At the start of the first Opium War in 1839, China was the most technologically advanced country in the world. It had already invented hydraulics, gunpowder in the 9th century, ships’ rudders, the stirrup, paper, moveable type printing and much more.

But it was their beautiful porcelain and silks, tea, lacquer (the first plastic) and furniture that drove the enthusiasm for chinoiserie in Britain in the 18th and 19th centuries.

Because Britain had little to trade with China that they didn’t already have – rough woollens and clockwork toys being top of the list on offer — Britain’s treasury was being drained to satisfy the public’s appetite for all things Chinese.

Britain’s solution to the trade imbalance was to grow cheap, mass-produced opium in stolen Bengal and sell that to China. Up until then, opium had been an expensive habit only used by the wealthiest Chinese.

War being economics by other means, when the Chinese government objected to their country being flooded with narcotics, Britain forced these massive industrial quantities of opium onto them at gunpoint, turning an expensive aristocratic vice into a nationwide addiction.

Chinese were slaughtered, their land pillaged.

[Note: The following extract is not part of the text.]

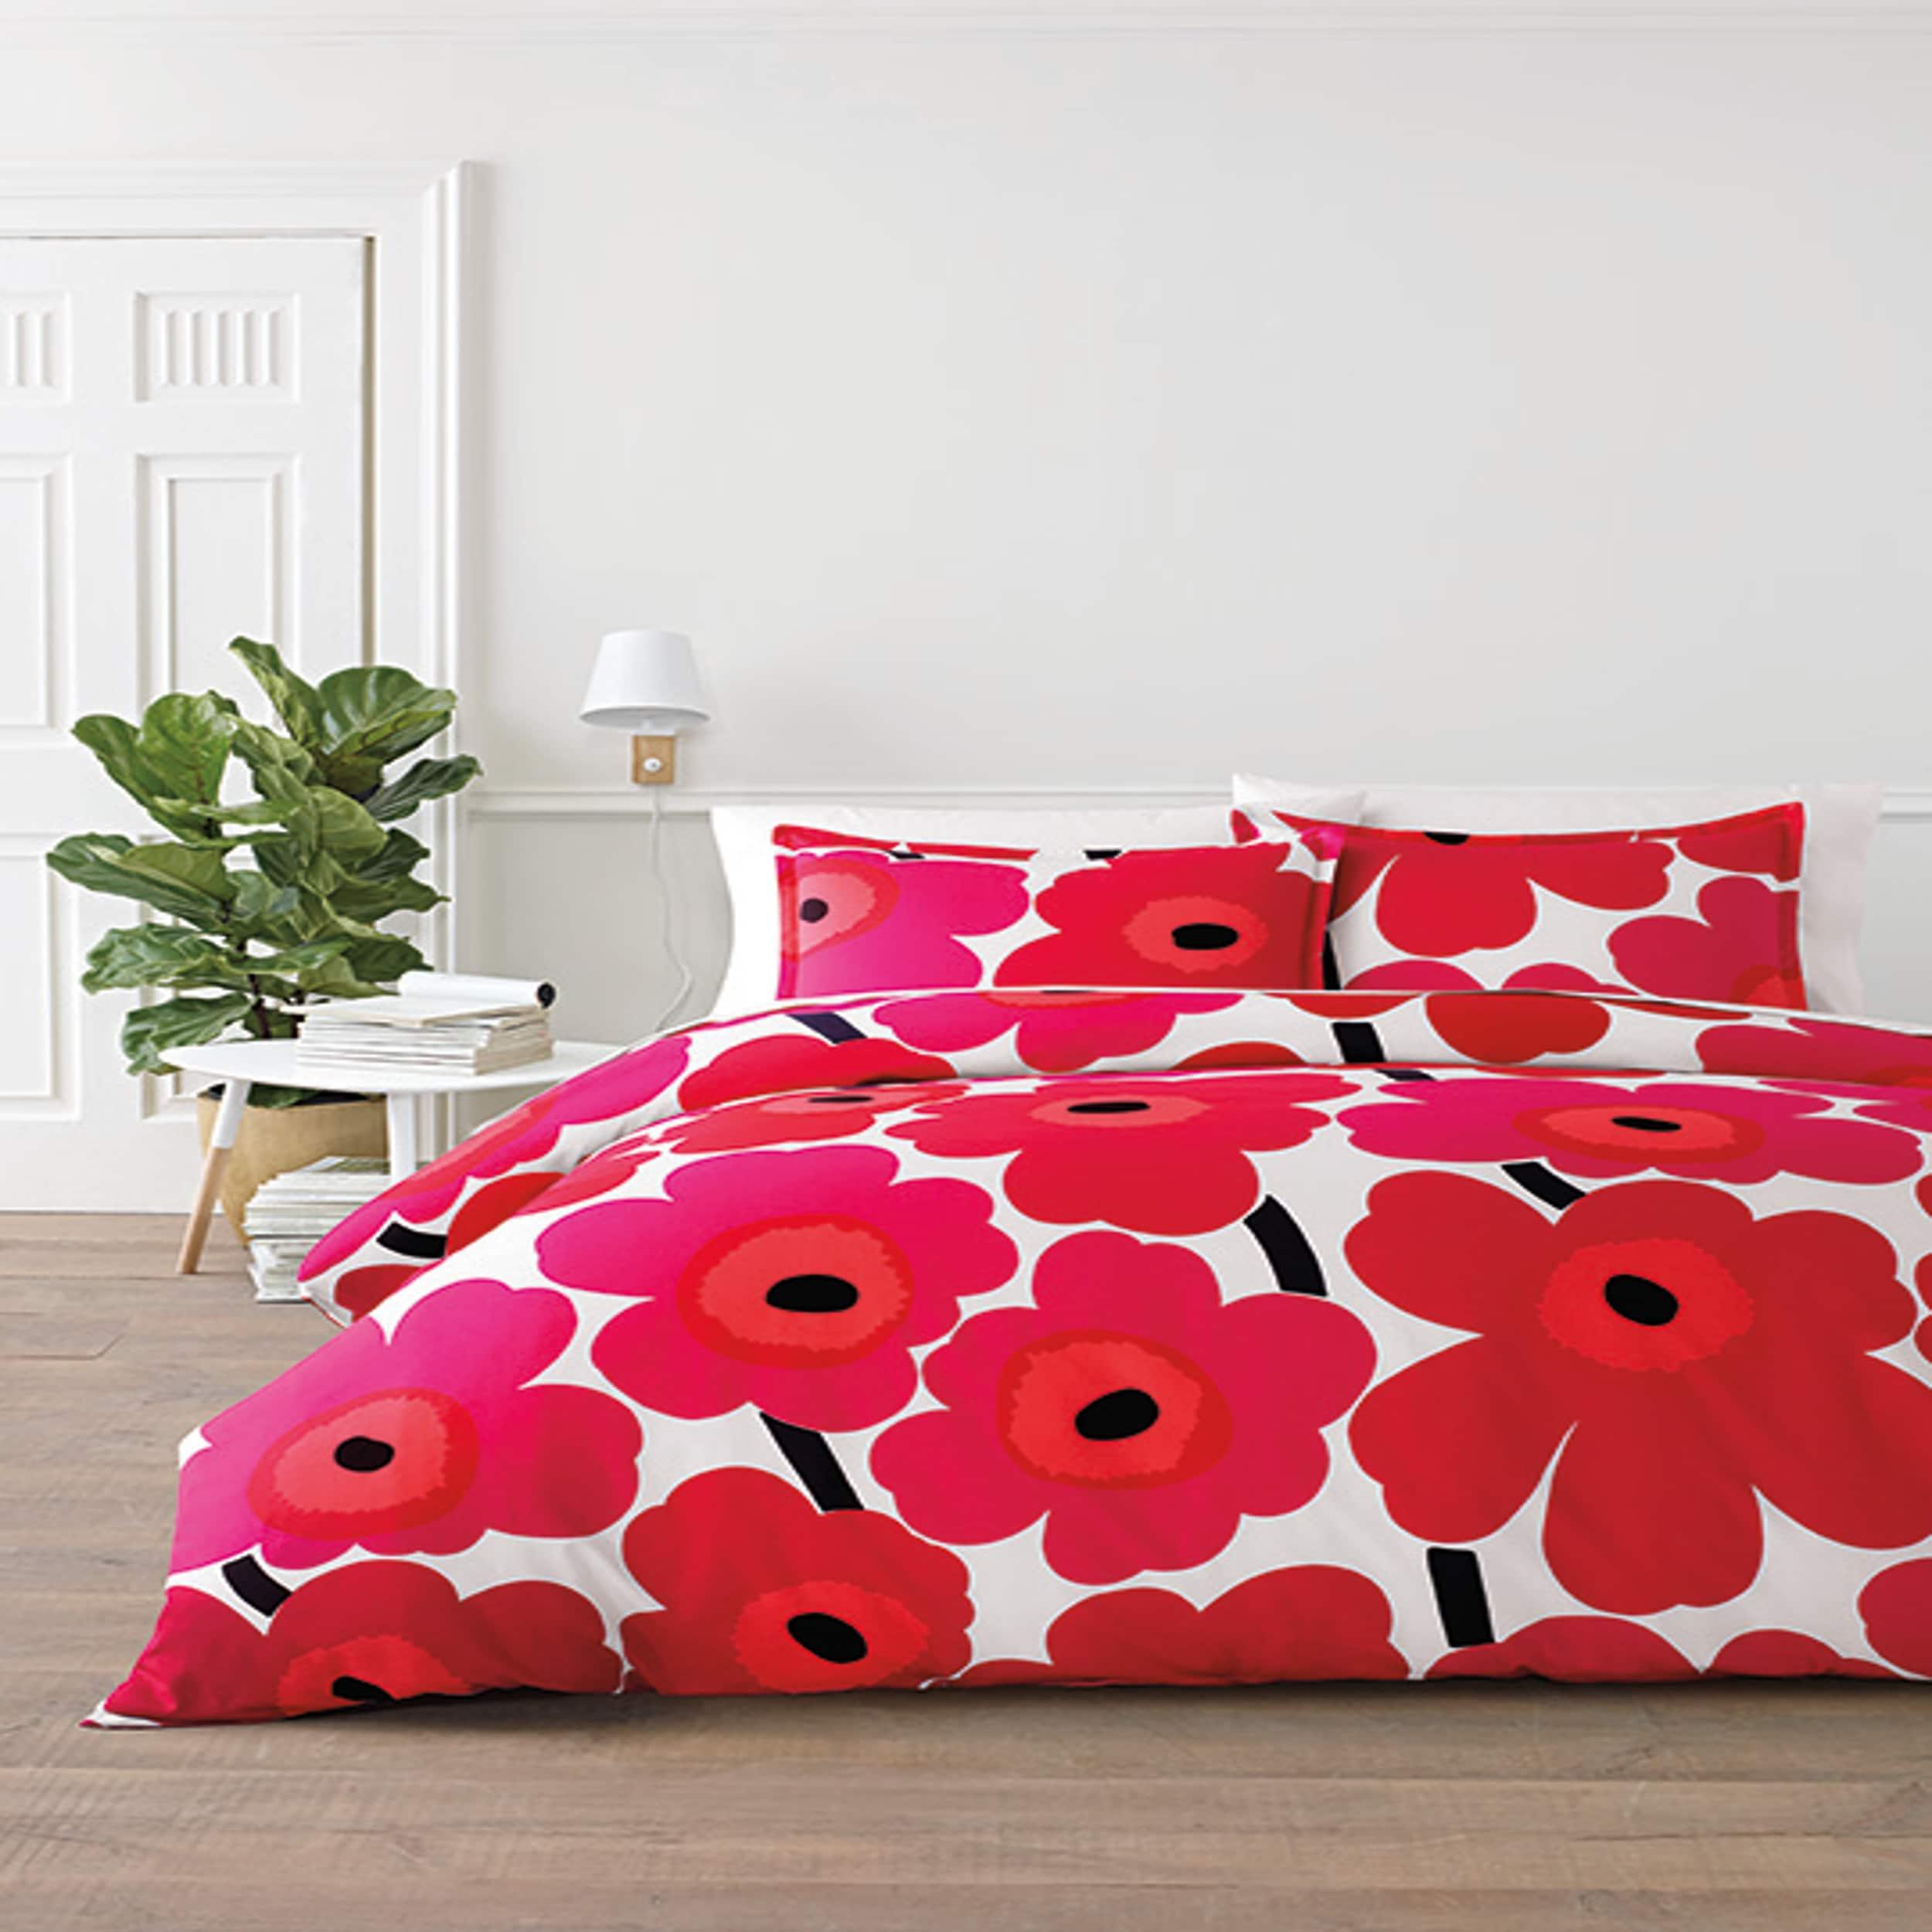 red bedding nordstrom home marimekko c bed

Lord Elgin ordered the Summer Palace burnt to the ground by British soldiers, joined in by the French, as punishment for not being submissive enough. Notoriously unfair treaties were used to carve up China, which was divided between Western imperial powers, with Britain grabbing Hong Kong until the colony was finally returned in 1997.

Around the same period, the invention of the glass Wardian case enabled Robert Fortune to steal China’s tea plants and transport them to India where the British set up a rival tea industry in possibly the first case of industrial espionage — intellectual property rights meaning very little to the invaders.

Fast forward to the modern era — a couple of revolutions, two world wars, a vicious Korean war and a rapprochement with the United States — later.

Today, China is the factory of the world, specialising in making our stuff. iPhones, electronic kit, solar panels, cotton, everything from foodstuffs to 5G are the new porcelain, silks and tea of the 21st century.

It’s taken nearly fifty years into its modern era for China to drag itself out of the hellscape inflicted by the Western powers. It’s raised 850 million human beings out of absolute poverty, and created a growing middle-class 550 million strong, almost twice the size of the population of the US. And it’s established the Belt and Road Initiative that promises to do for poorer economies what China has done for its own.

China’s investing in Africa and building their infrastructure at much lower interest rates than the World Bank charges, so we no longer need Bono to front Drop the Debt campaigns.

As well as eradicating poverty while we implode, China is the world’s biggest investor in renewable energy, vital in the fight against climate change.

But some people in the West simply can’t bear the idea of Chinese excelling or being given credit for anything.

Just as the Chinese economy draws level with the US at this classic Thucydides Trap point, the declining superpower goes on the attack in a poisonous one-sided Case for the Prosecution with no judicially verifiable evidence or right of reply, involving a wall of hate and daily monstering of America’s upcoming rival.

America could have continued working together with China in a multi-polar world but instead throws huge resources at waging Opium Wars 2, dragging in some of the worst perpetrators who gained from the 19th century imperialist atrocity. Billions are spent on character-assassinating propaganda, economic war and actual weaponry to ensure the Chinese model doesn’t give the public any big ideas that there might be a better system that’s working for its own people.

The absurdity that caps all of this for me is that Brexiteers, from Boris Johnson to Nigel Farage, used the promise of yummy trade deals with China to persuade Brits to vote to leave the EU. And the minute Brexit’s sewn up, we send a warfleet to China’s back yard.

Taking back control has meant handing control to a waning America that’s tearing itself apart, and doing their bidding even when it hurts us – such as ripping out billions of pounds-worth of 5G infrastructure we badly need and spending our remaining treasure on whipping up a war with a nuclear power.

And now we prostrate ourselves as America’s Airstrip One. In the West’s rewrite of history, we have always been at war with Eastasia.

We’re halfway through 2021. This conflict has been building for years. John Pilger even made a film in 2016 warning about The Coming War on China. Trump fired the first salvo in his trade war shakedown in 2018. And we’re sending warships.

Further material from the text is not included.